Joseph Ruotolo stood among the students lining up beside the tents and tables that littered Old Main Quad looking to get a taste of New Paltz’s locally grown food; he couldn’t help but smile.
“Local food is one of the only issues that people can be passionate about and really act in their own life on and make changes about,” Ruotolo, the event’s main organizer said. “To support local food all you need to do is find or buy local food and eat it.”
On Friday, Oct. 7 students and community members gathered on Old Main Quad to celebrate agriculture and raise awareness about the importance of locally grown food while helping farms affected by Hurricane Irene in the first ever Farm Fest.
Students congregated on the quad, listening to the various local musicians and bands while sampling portions of locally grown food donated by several restaurants and farms from around the area, including Harvest Café, Main Course, The Bakery and Slash Root Tech Café.
“The goal of Farm Fest is to alert the student population that we are surrounded by local food resources, from farmers markets to community supported agriculture farms to fruiting street trees in the village,” Ruotolo said. “As students become more aware of the local resources around them, they start to think about how the food options provided on campus are not reflective of the natural abundance of fresh local food available in and around New Paltz.”
Students involved with environmentally-conscious organizations, such as Students For Sustainable Agriculture and the Environmental Task Force, were inspired to help those in need after seeing the success of last semester’s Sustainable Action Week, event organizer Melanie Glenn said.

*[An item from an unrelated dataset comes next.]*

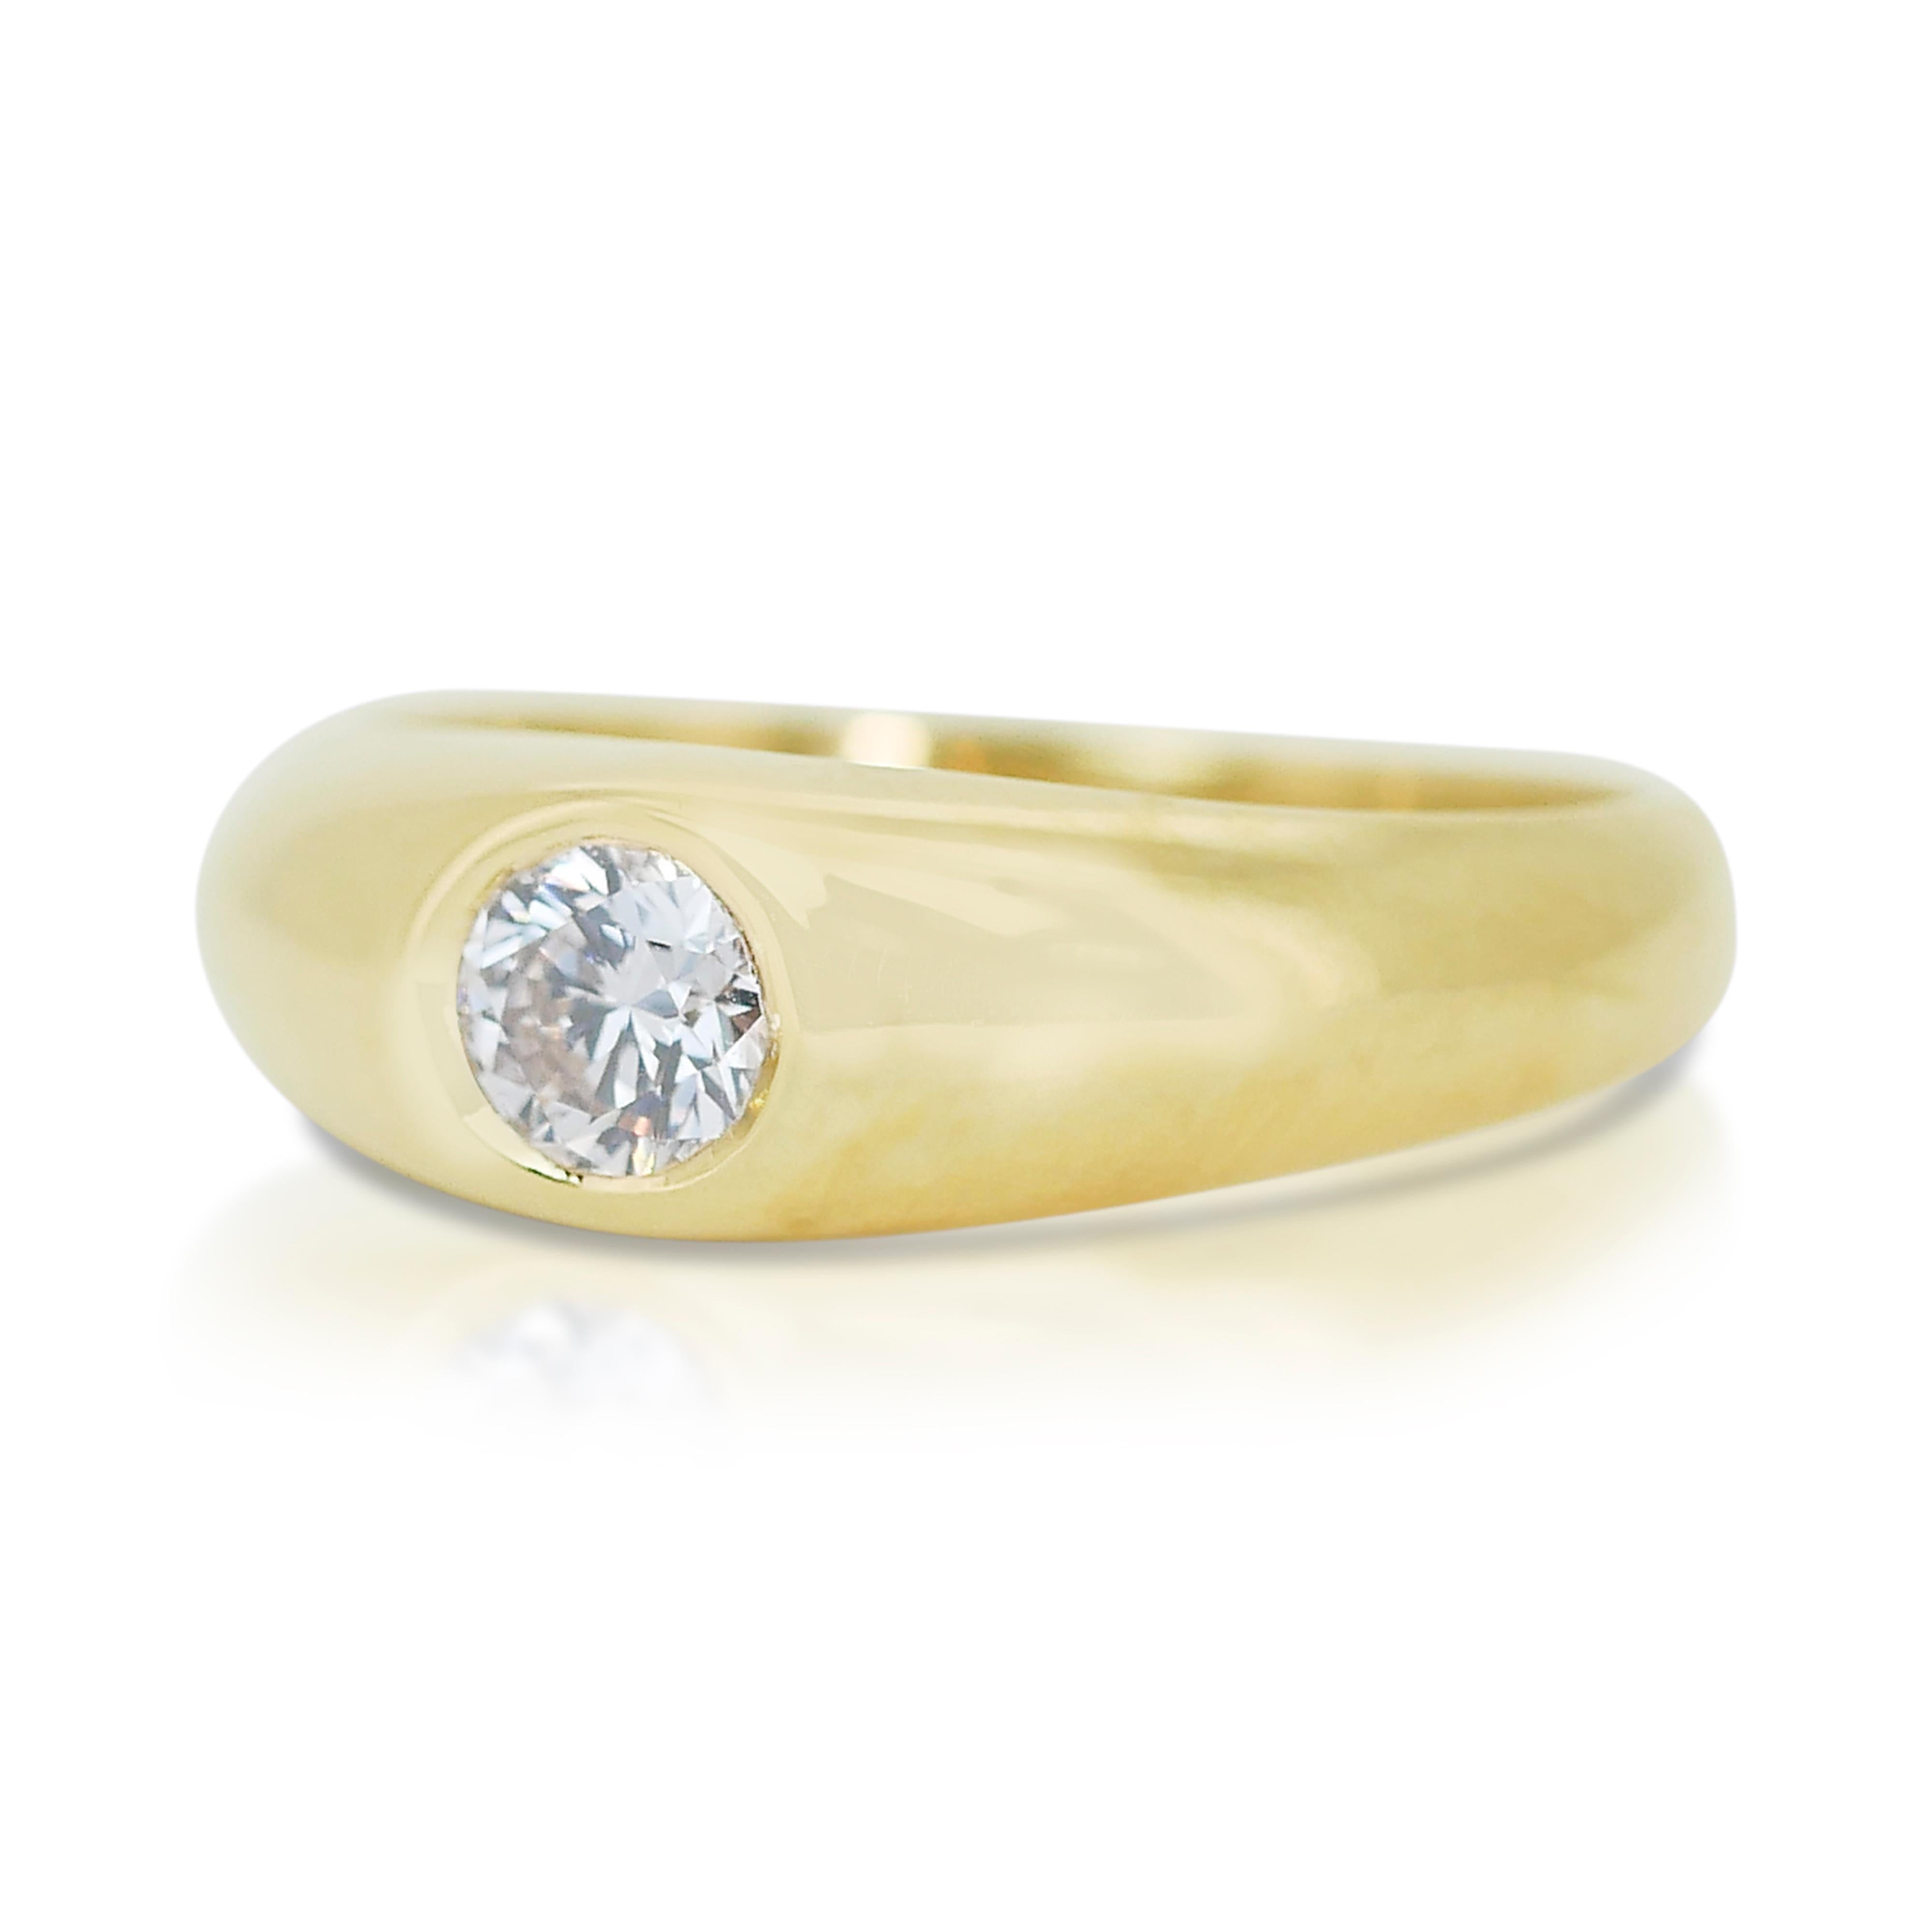 Radiant Harmony: 0.76ct Round Diamond Solitaire Ring in 18k Yellow Gold - GIA Certified

Introducing the

“It was just going to be about supporting local food until Hurricane Irene came through, which none of us were expecting, but it was a good thing kind of in a way because it gave us more of a reason to really give donations to local farms because a lot of crops were ruined…we’re just trying to support them in these bad times,”
Glenn said.
Some local farms lost all of their crops, while others lost half or a third of their total produce, Glenn said.
One farm tabling at the event, the Brook Farm Project, is a 70 acre non-profit community-supported-agriculture (CSA) farm located on the grounds of the Mohonk Mountain House. Sean Sluys, who represented the project, was excited to be part of the festival and offered freshly cut watermelons to curious students.
“This is a great opportunity to spread some awareness of local food,” Sluys said. “It’s what we’re all about here — trying to keep things in New Paltz as much as we can.”
Jason Rosenberg, who tabled at the event, worked with the goal of raising the question of access to more local food on campus. Rosenberg said Sodexo, SUNY New Paltz’s current food provider, does not allow for contracts to be made with local vendors and hoped a petition signed by students would be influential in their decision when a new contract comes up.
“We are hoping for 1,000 signatures,” Rosenberg said. “That would be about one-third of the student body on campus, so we hope that would encourage them.”
Third-year graphic design major Kristin Scheff said she attended Farm Fest to learn more about how to get local food as a staple on the New Paltz campus.
“I support local farms and I love organic food,” Scheff said. “I feel like the campus needs to invest in supplying local food on campus because we are surrounded by farms in the area, so why not take that opportunity?”
While the goals of raising awareness and helping those in need were stressed, Glenn said Farm Fest represented something more – the idea of community.
“I feel like this country is starting to get away from the idea of community, and we have to bring that idea back by helping people around us instead of supporting big industries,” Glenn said. “By supporting your local farms and organic, you are trying to keep the land preserved so we can keep having lots of food instead of degrading the land and just having to move to another place and get more food there.”